Top of Recorded information

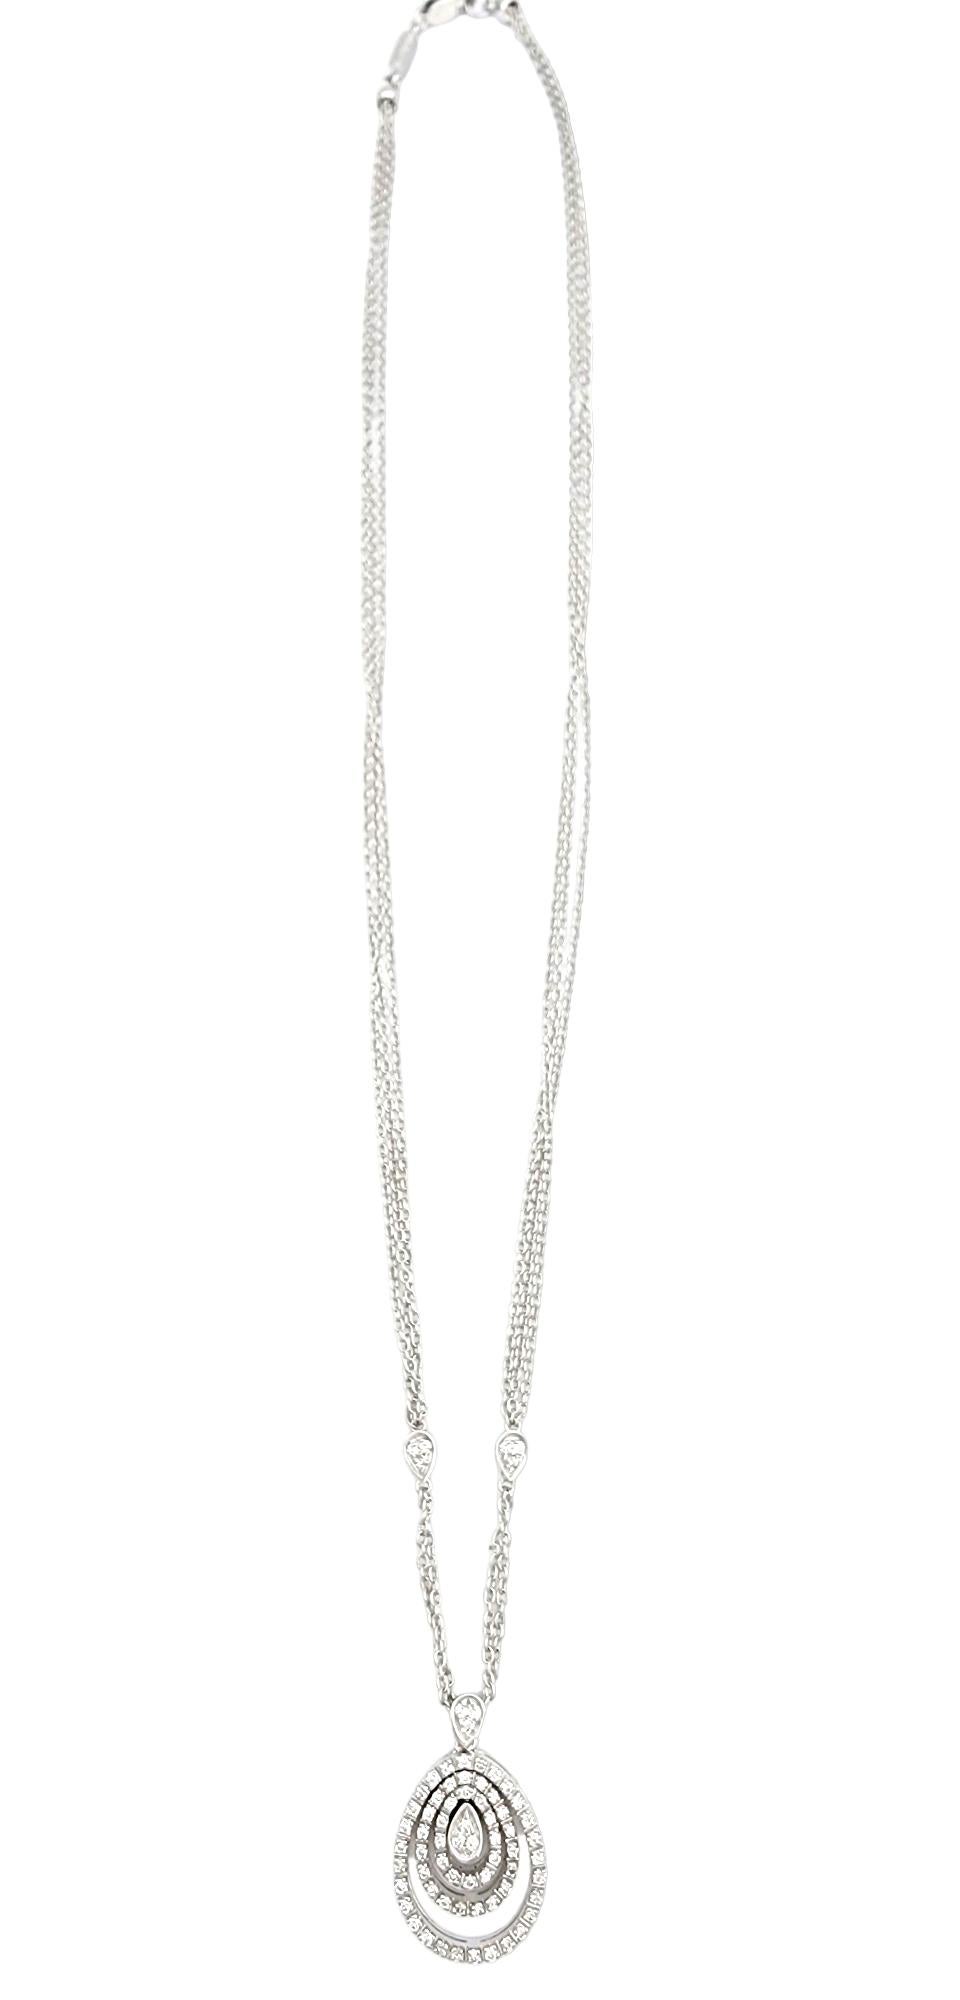 This exquisite Piero Milano triple teardrop halo pendant necklace is a timeless masterpiece crafted in stunning 18-karat white gold. The pendant boasts a mesmerizing design featuring three gracefully layered halos encrusted with brilliant diamonds
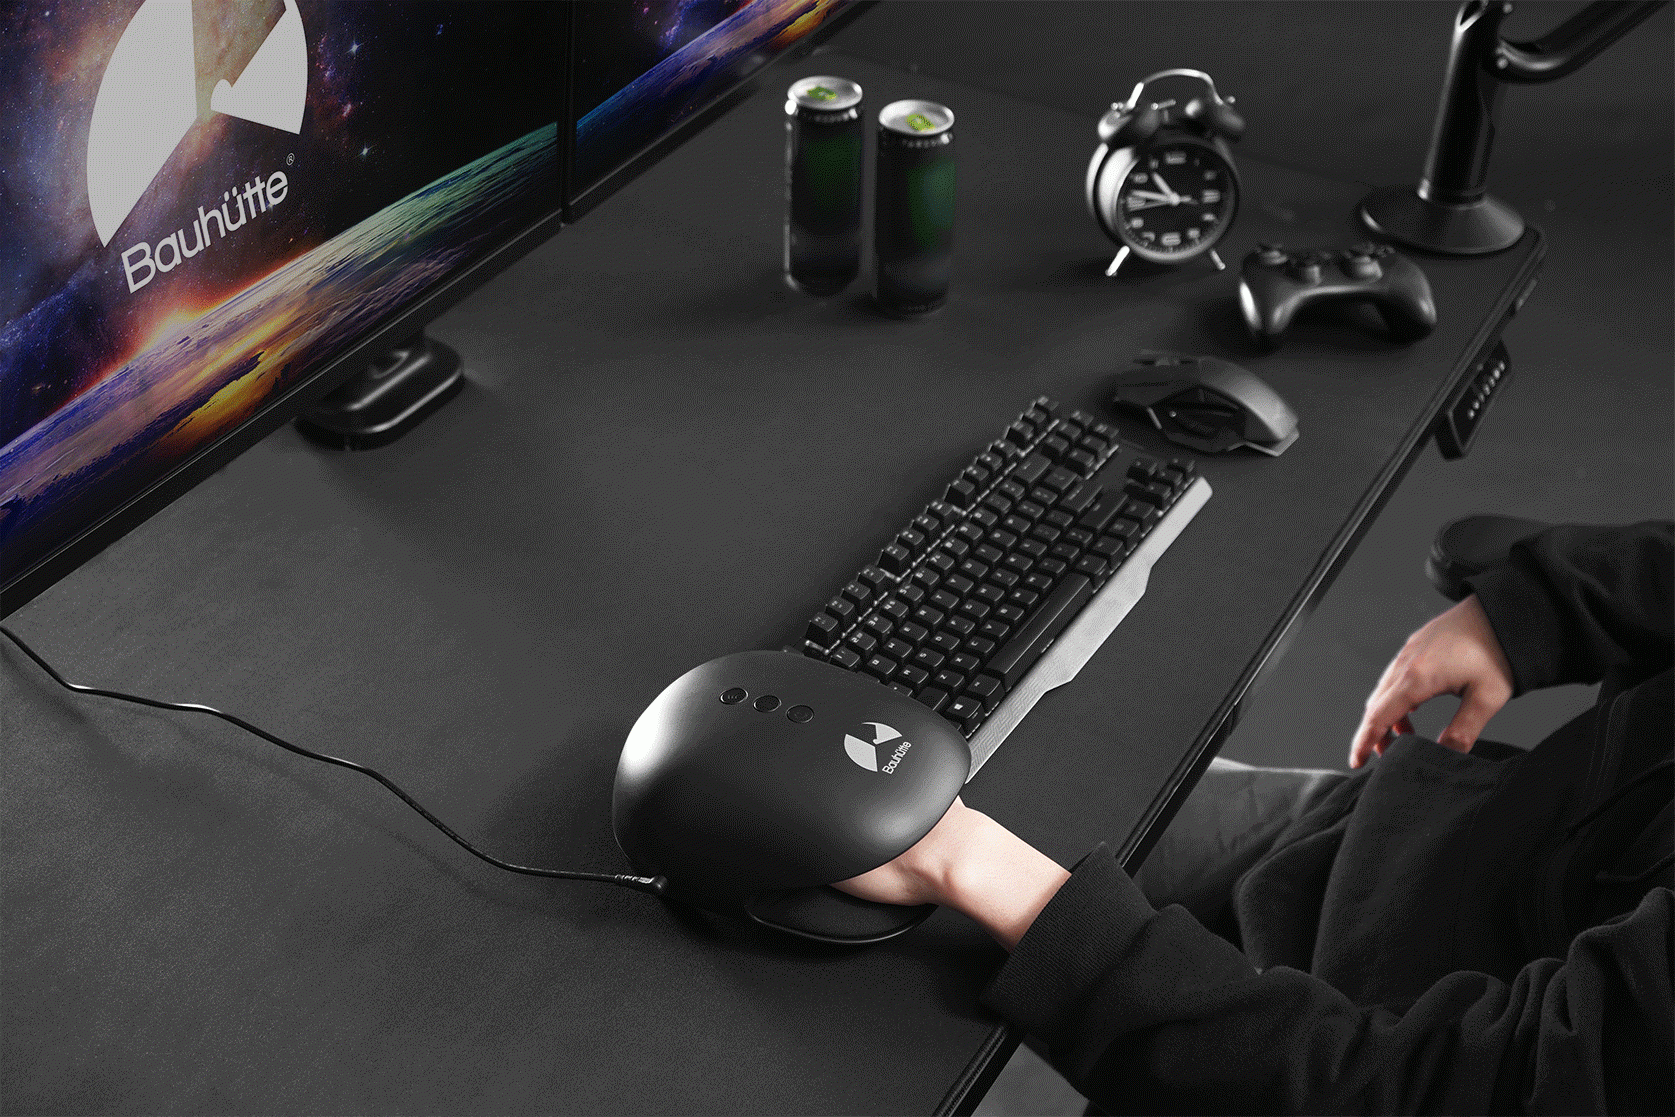 Japanese company creates hand massager for gamers
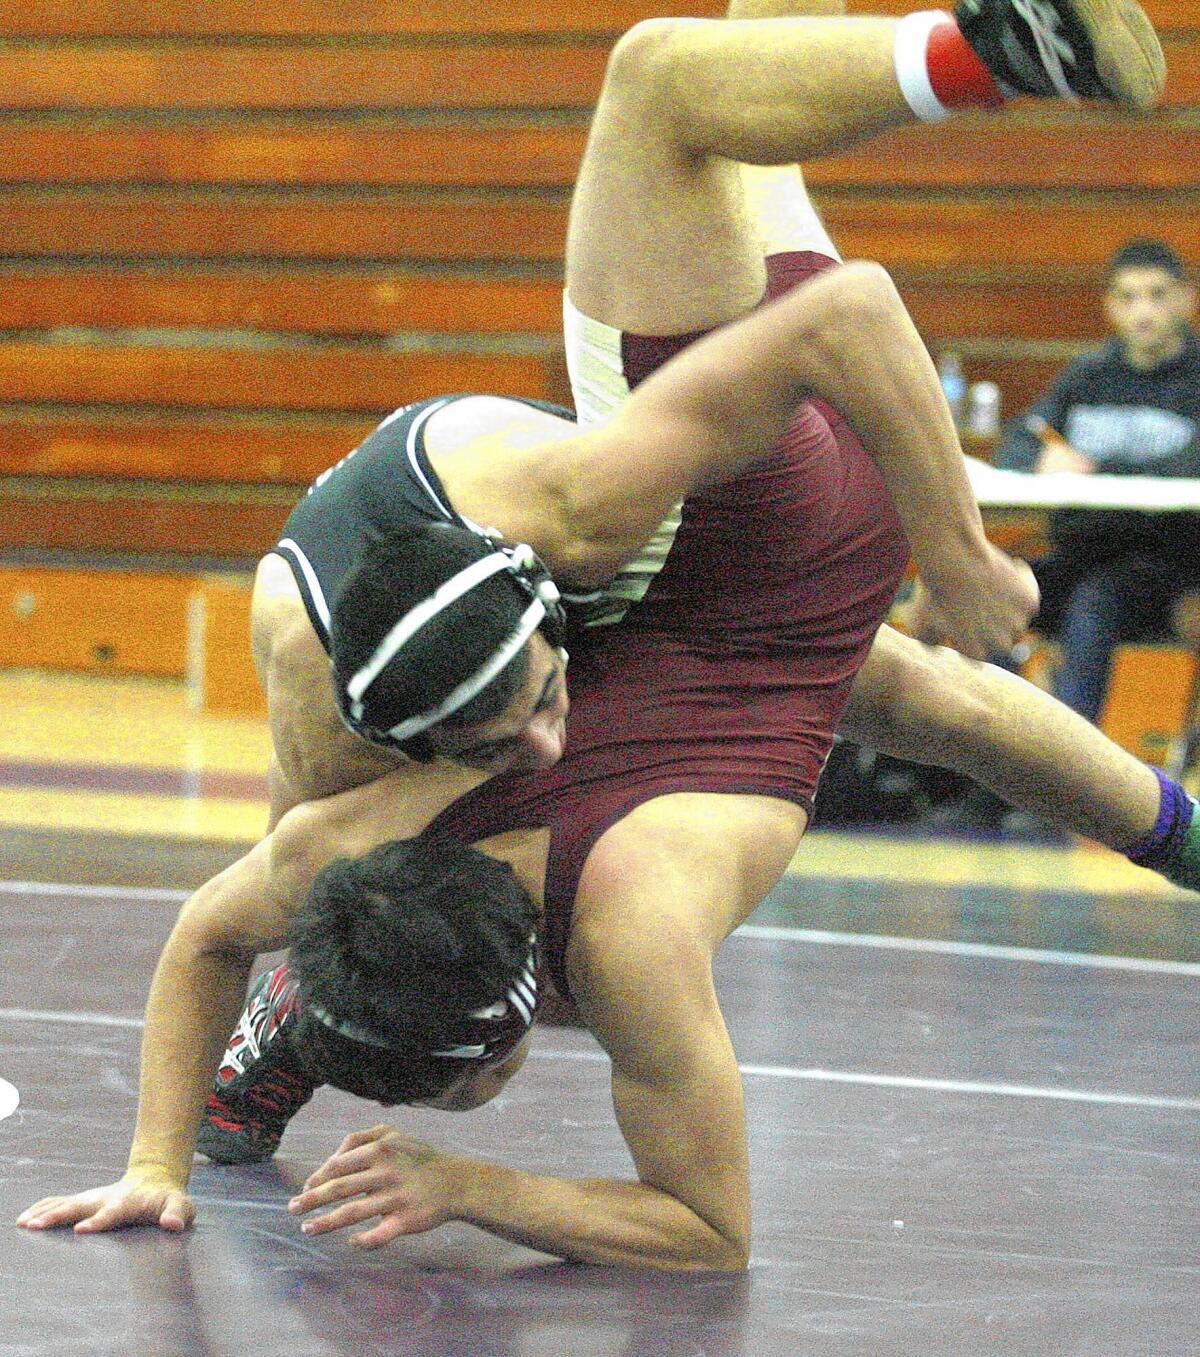 File Photo: Hoover High School's Arthur Ghukasyan flips and eventually pins La Cañada's Chris Harb in the 145-pound weight class in a non-league wrestling match at Hoover High School in Glendale on Tuesday, Jan. 29, 2013.
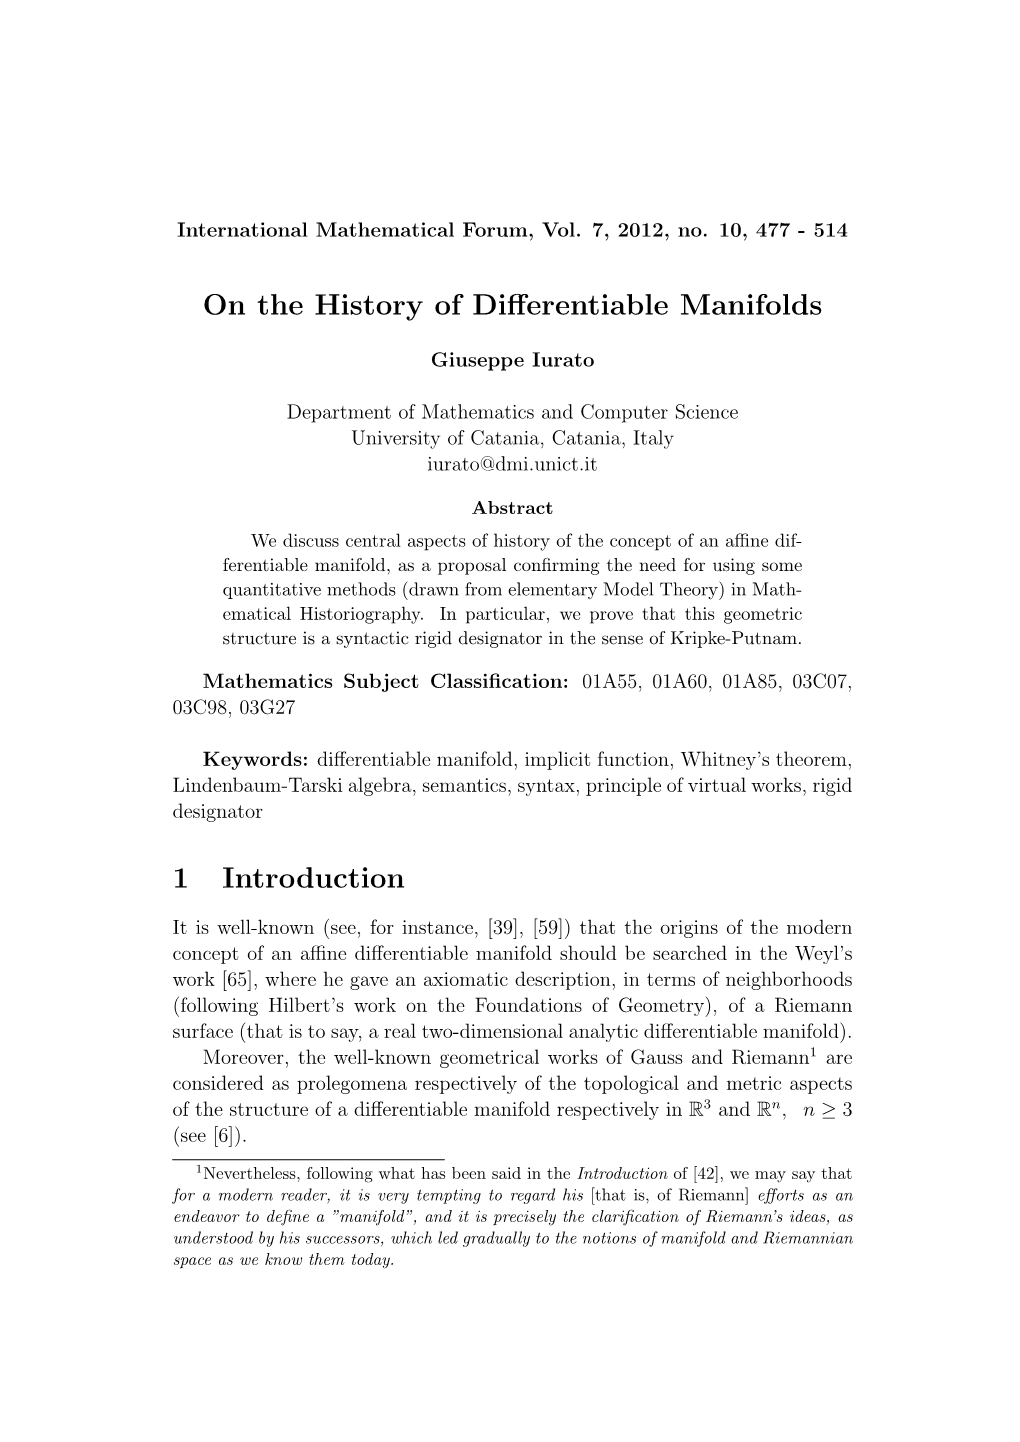 On the History of Differentiable Manifolds

Bottom of Recorded information

• **Required action**
Copy out each line of the data exactly as it reads; skip the pictures.

• **Solution to the exercise**
 This exquisite Piero Milano triple teardrop halo pendant necklace is a timeless masterpiece crafted in stunning 18-karat white gold. The pendant boasts a mesmerizing design featuring three gracefully layered halos encrusted with brilliant diamonds
 Japanese company creates hand massager for gamers
 File Photo: Hoover High School's Arthur Ghukasyan flips and eventually pins La Cañada's Chris Harb in the 145-pound weight class in a non-league wrestling match at Hoover High School in Glendale on Tuesday, Jan. 29, 2013.
 On the History of Differentiable Manifolds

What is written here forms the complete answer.